***** Data provided

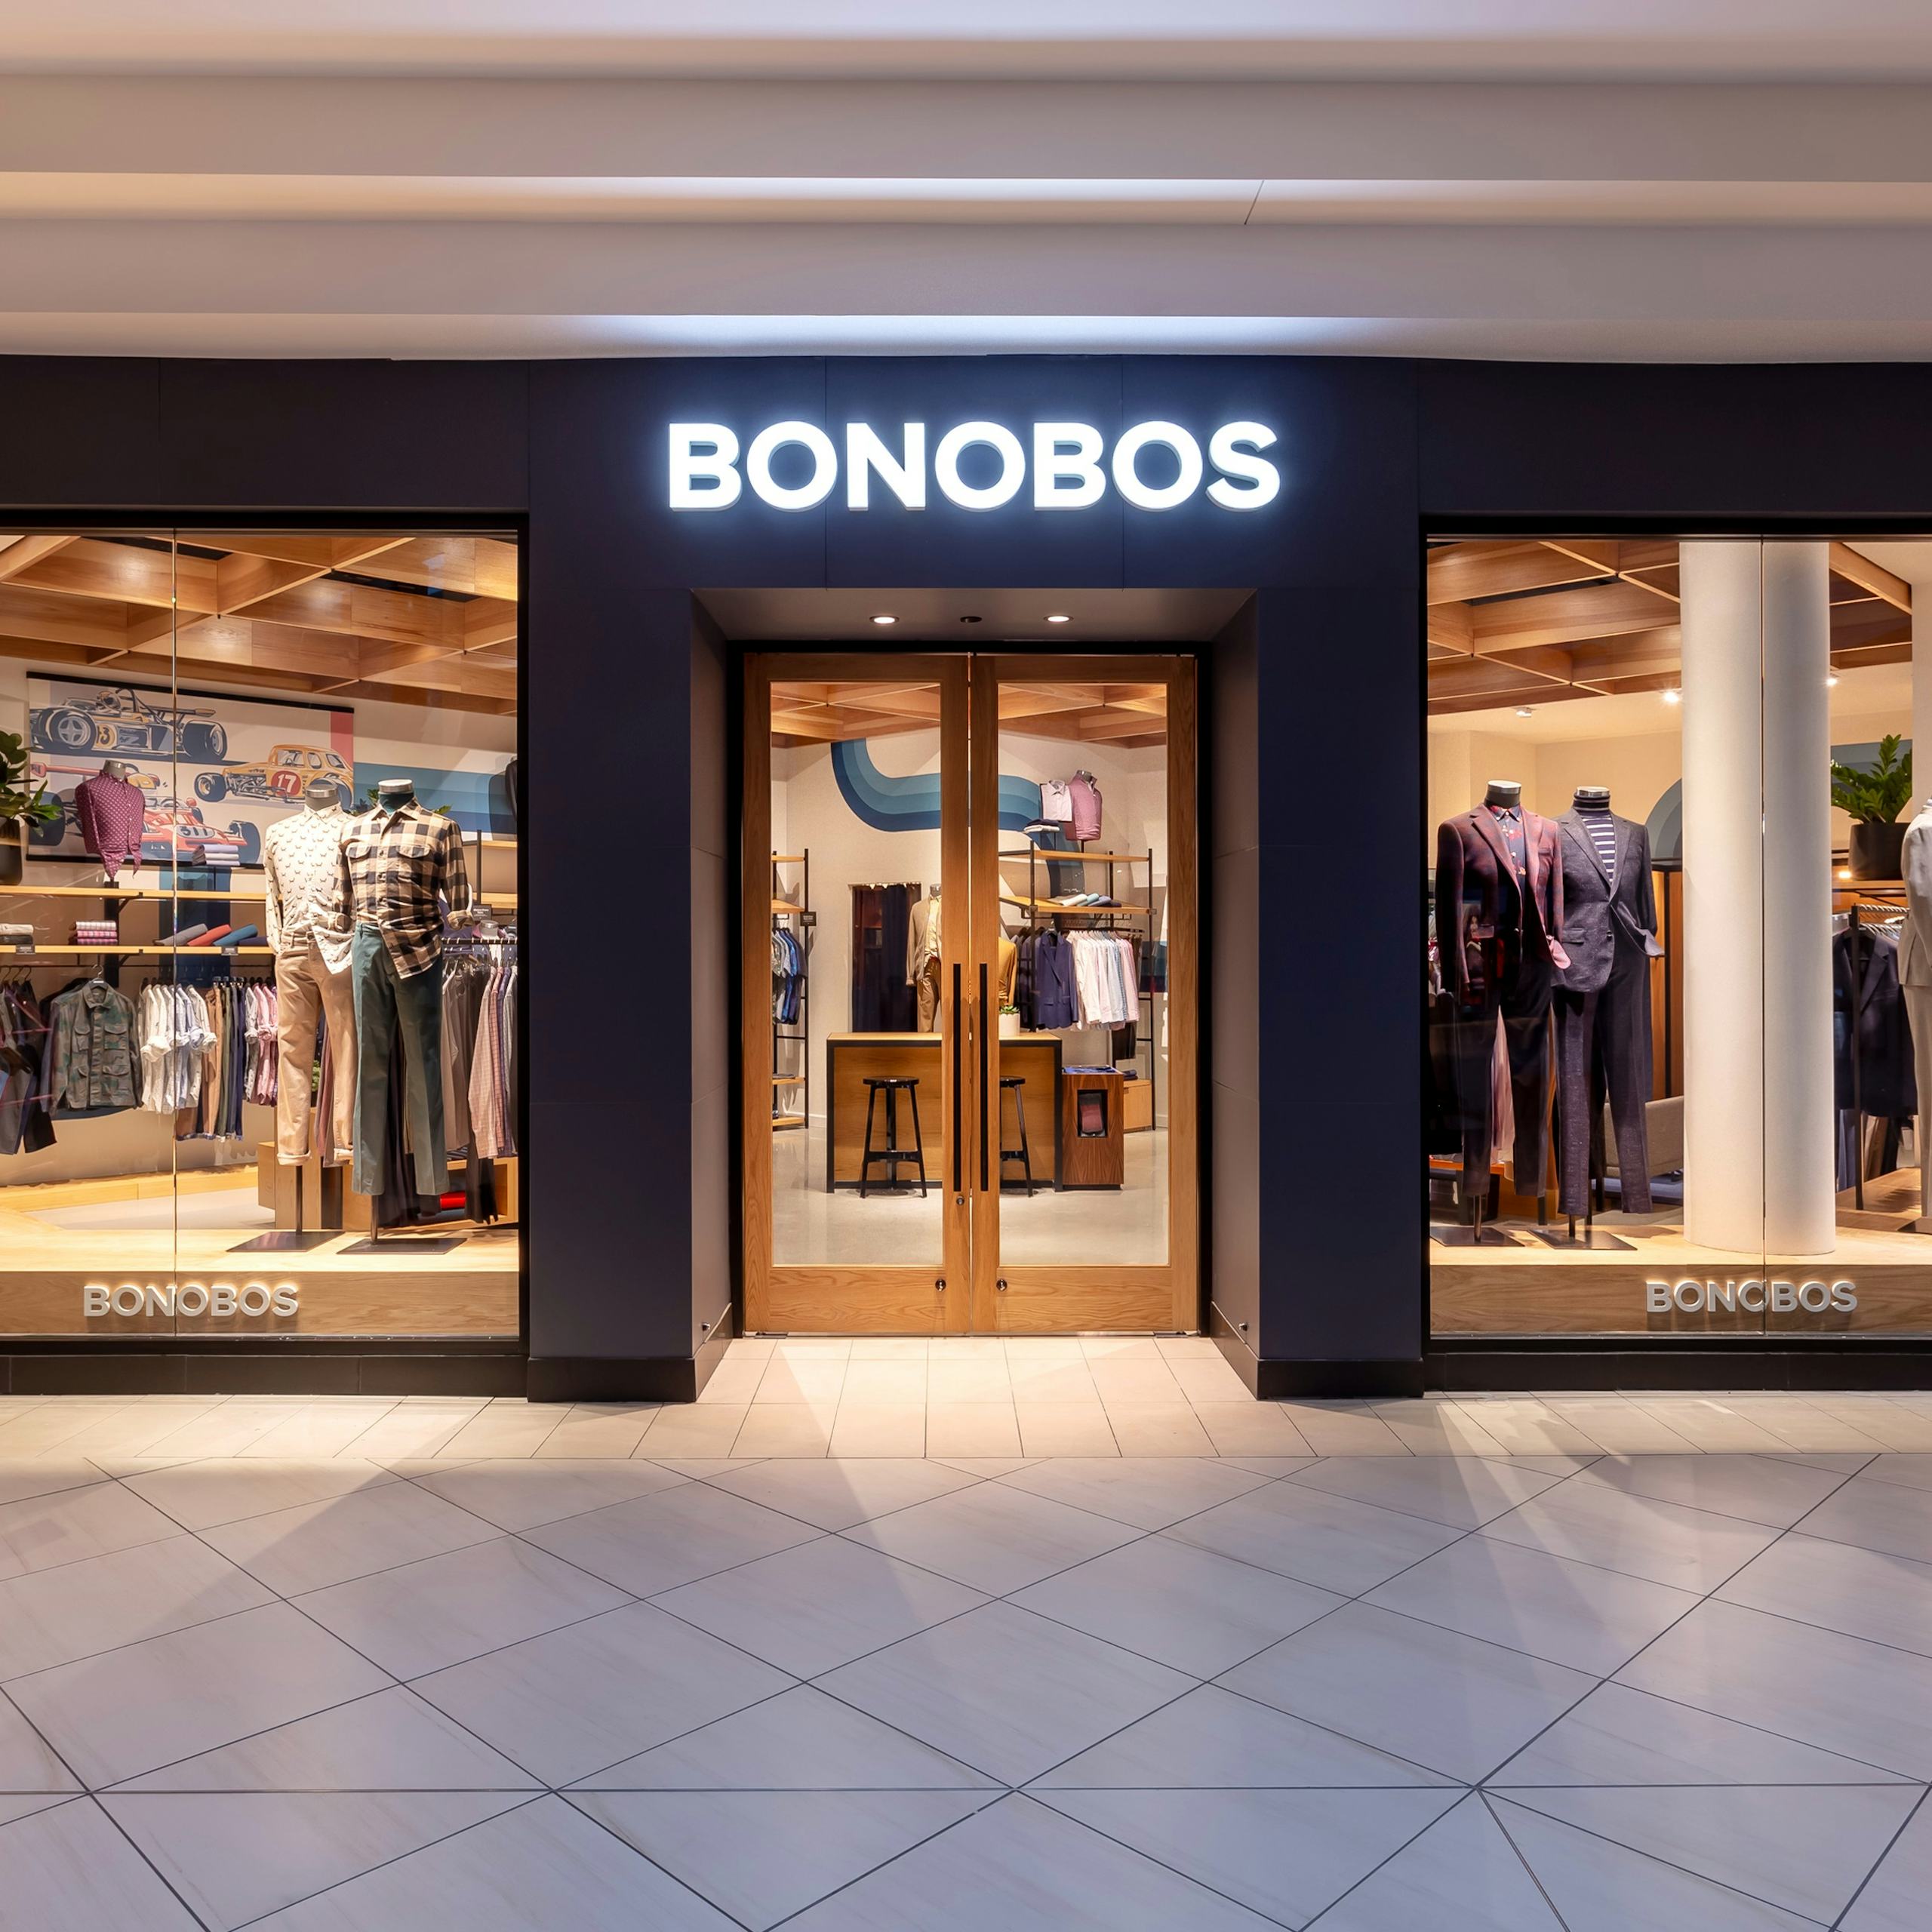 Image of Bonobos Store in The Fashion Mall At Keystone Crossing, Indianapolis. There are 2 mannequins with suits on the right side, and 2 mannequins with casual shirts and chinos and on the left side.  
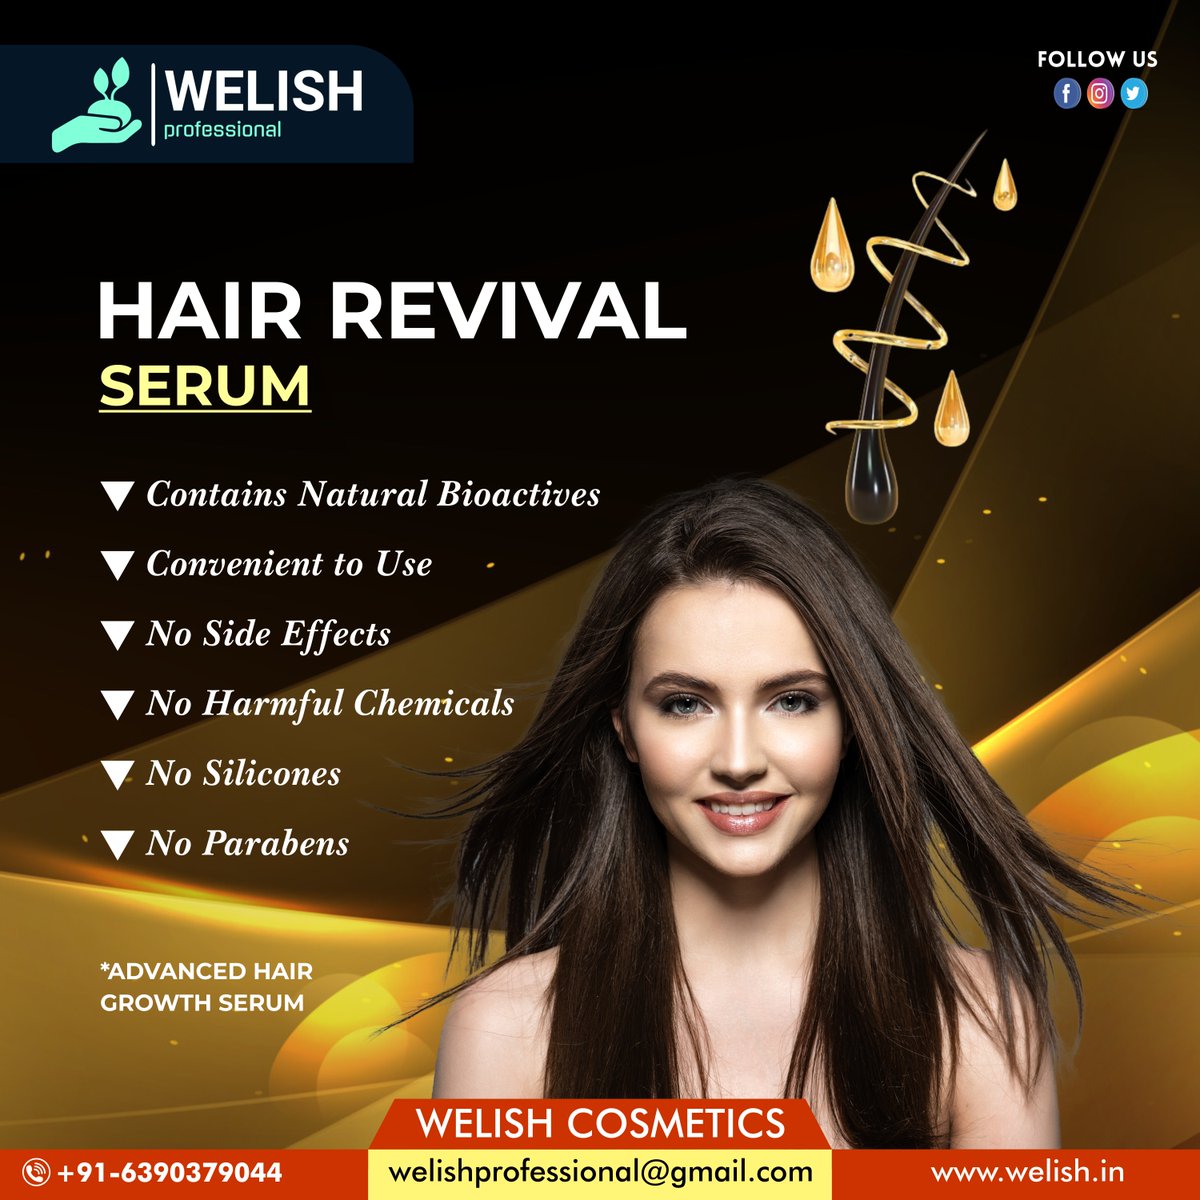 Welish hair revival serum is formulated to address various hair concerns and promote healthier, stronger and more vibrant hair.
☎️Contact Us : 063903 79044
#welish #hairgrowth #antihairfall #oliveserum #hairrevivalserum #hairrevival #hairrepair #serum #Tiger3Teaser
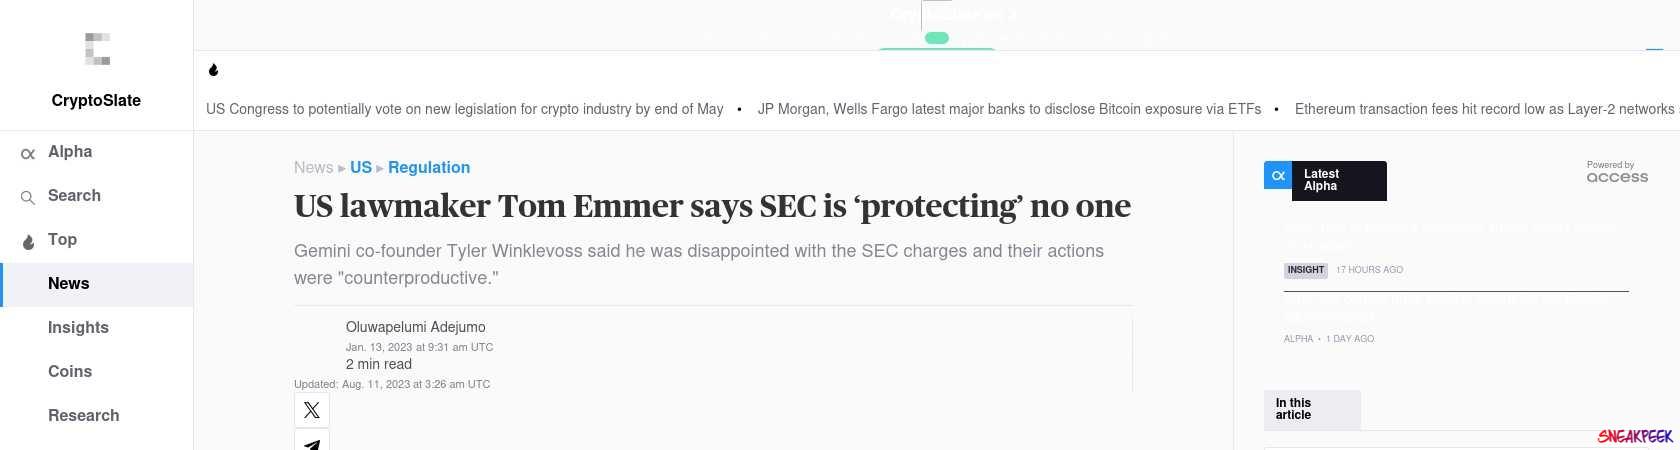 Read the full Article:  ⭲ US lawmaker Tom Emmer says SEC is ‘protecting’ no one
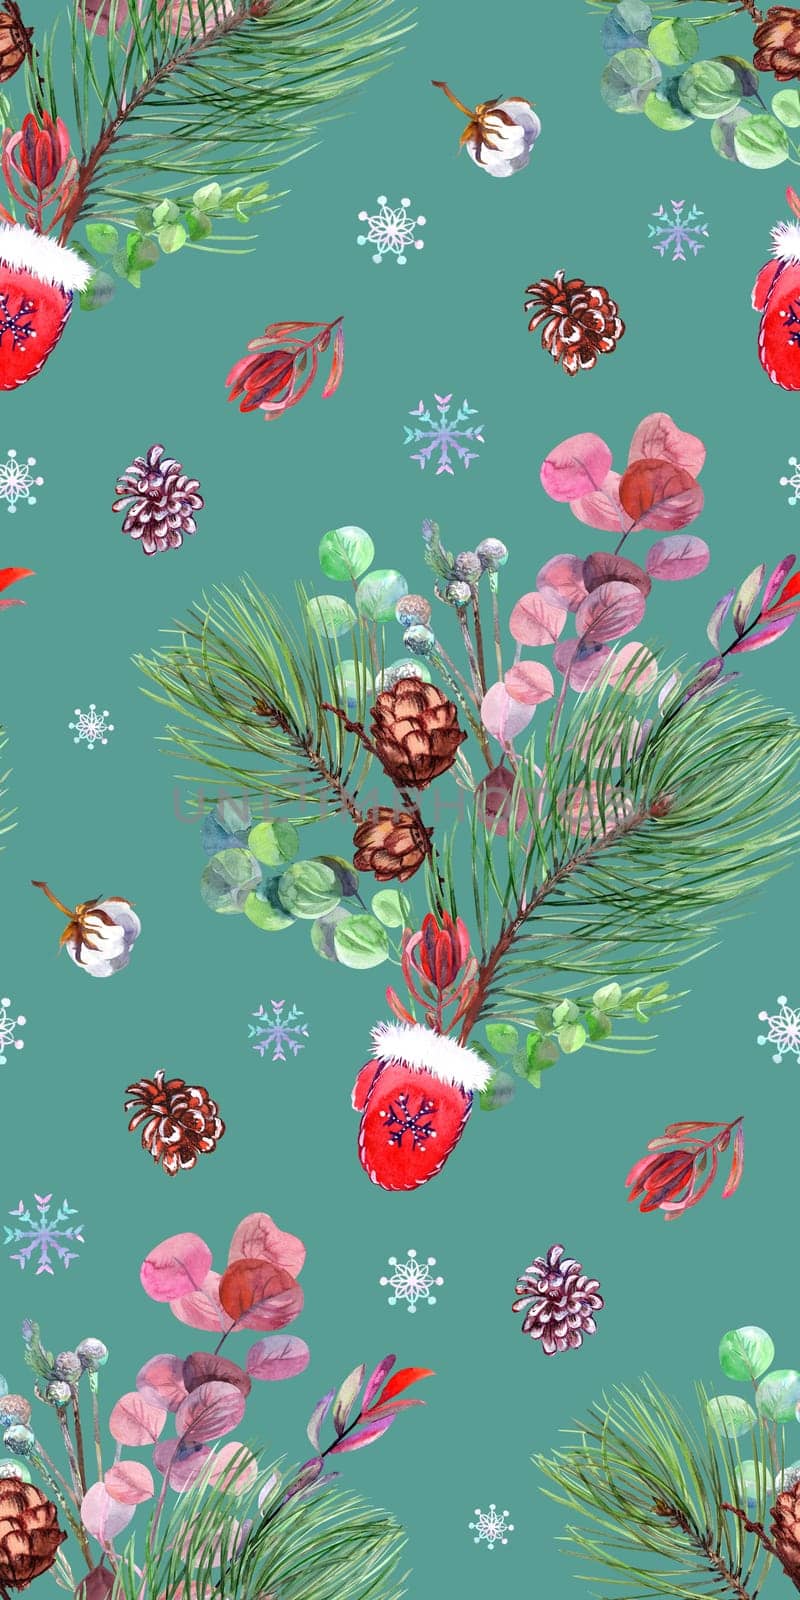 watercolor Christmas seamless pattern with varzhka and winter bouquet with dried flowers and fir branches on turquoise background for wrapping paper and fabric

**********

_Aim of the task_:
Before answering, find the line with "Welish hair revival" in the records above; then reproduce exactly each line from the first through that line, leaving out pictures.

_Answer to the exercise_:
 Image of Bonobos Store in The Fashion Mall At Keystone Crossing, Indianapolis. There are 2 mannequins with suits on the right side, and 2 mannequins with casual shirts and chinos and on the left side.  
 Welish hair revival serum is formulated to address various hair concerns and promote healthier, stronger and more vibrant hair.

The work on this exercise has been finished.